SYDNEY (Reuters) - Australian archaeologists believe they have found the grave of the country’s legendary outlaw, Ned Kelly, on the site of an abandoned prison.
Kelly, immortalized for using home-made armor in a final shoot-out with police, became a folk hero of Australia’s colonial past with his gang’s daring bank robberies and escapes.
The son of an Irish convict, Kelly was hanged for his crimes in 1880 and buried in a mass grave at a prison in the southern city of Melbourne in Victoria state. The whereabouts of his body had remained as elusive as Kelly was in real life.
Archaeologists who have been digging at the site of the former Pentridge prison unearthed a mass grave where historical records suggested the remains of Kelly and other executed prisoners were buried after being removed from the old Melbourne Gaol when it closed in 1929.
“We believe we have conclusively found the burial site, but that is very different from finding the remains,” Jeremy Smith, senior archaeologist with Heritage Victoria, told Reuters on Sunday.
“If the remains exist, then we will have found them.”
He said the grave contained 32 bodies in rows of coffins in various states of decomposition.
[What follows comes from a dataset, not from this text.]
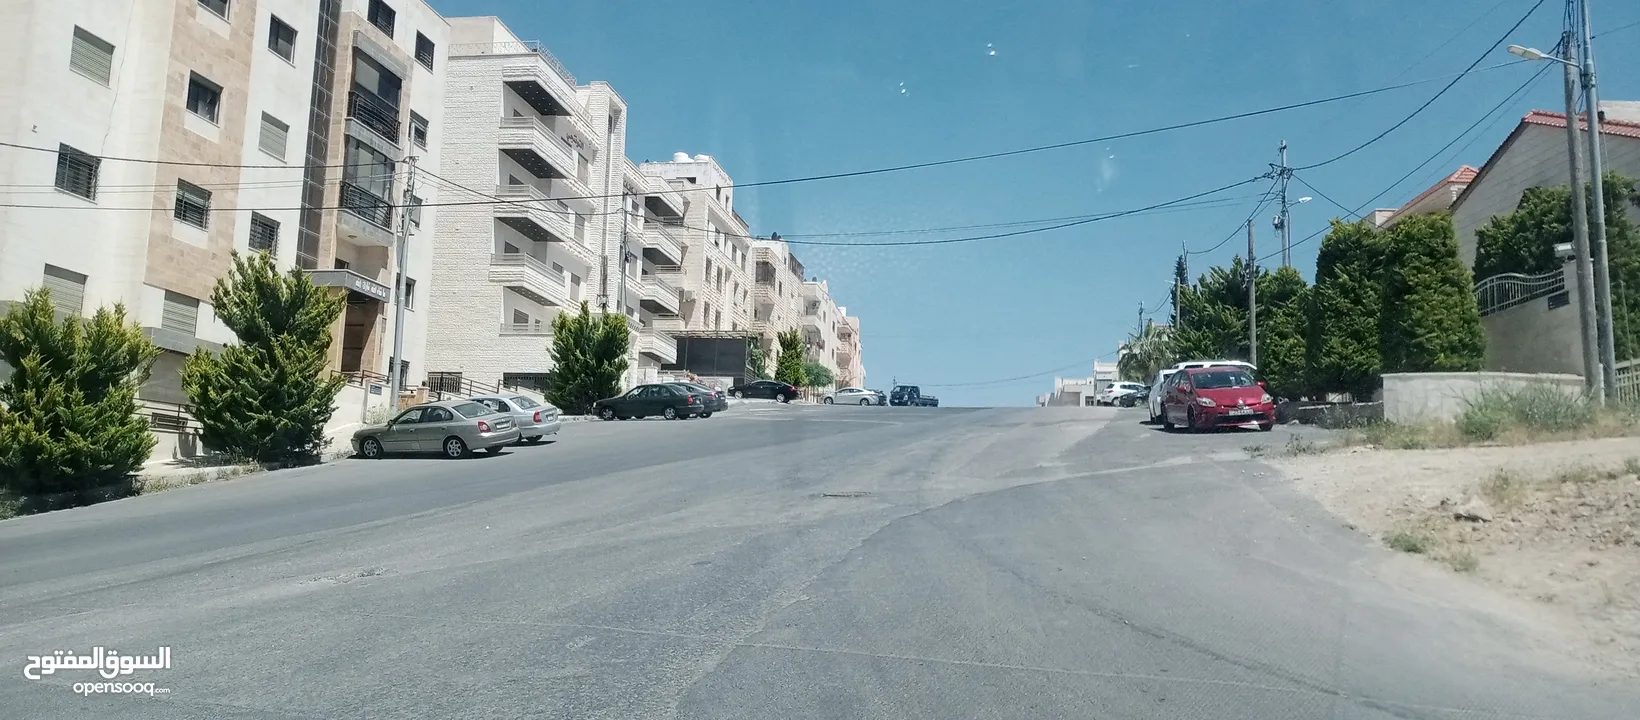 أرض للبيع في أبو نصير قرب الأكاديمية البحرية

The bodies are incomplete and will now be subject to forensic tests.
Smith said it would be a struggle to prove conclusively that any of the remains were Kelly’s, particularly from single bones. He said the bones had been roughly treated in the 1929 move and some may have been taken for souvenirs.
Archaeologists would be looking for a headless body and signs of an injury to a wrist. Kelly’s head was known to have been removed from his body after his death and he had a wrist injury from one of his shoot-outs.
After evading police for two years, Kelly and his gang were trapped in bushland in Victoria on June 28, 1880.
In a defiant last stand, Kelly, dressed in homemade armor hammered out of plough blades, walked towards police with guns blazing.
He was shot in the legs, arms and groin more than 20 times before he was arrested. The rest of his gang was killed.
Debate about his place in Australian history has raged for decades over whether he was a hero, a lovable rogue who fought the colonial British establishment, or simply a horse-thieving killer surrounded by a gang of thugs.
Films have portrayed Kelly as a hero, from one of the world’s first feature-length films, the 1906 silent movie “The Story of the Kelly Gang”, to the 1970s version starring Rolling Stones frontman Mick Jagger and the late Hollywood star Heath Ledger’s 2003 film.
Australian author Peter Carey’s novel True History of the Kelly Gang was awarded the 2001 Booker Prize.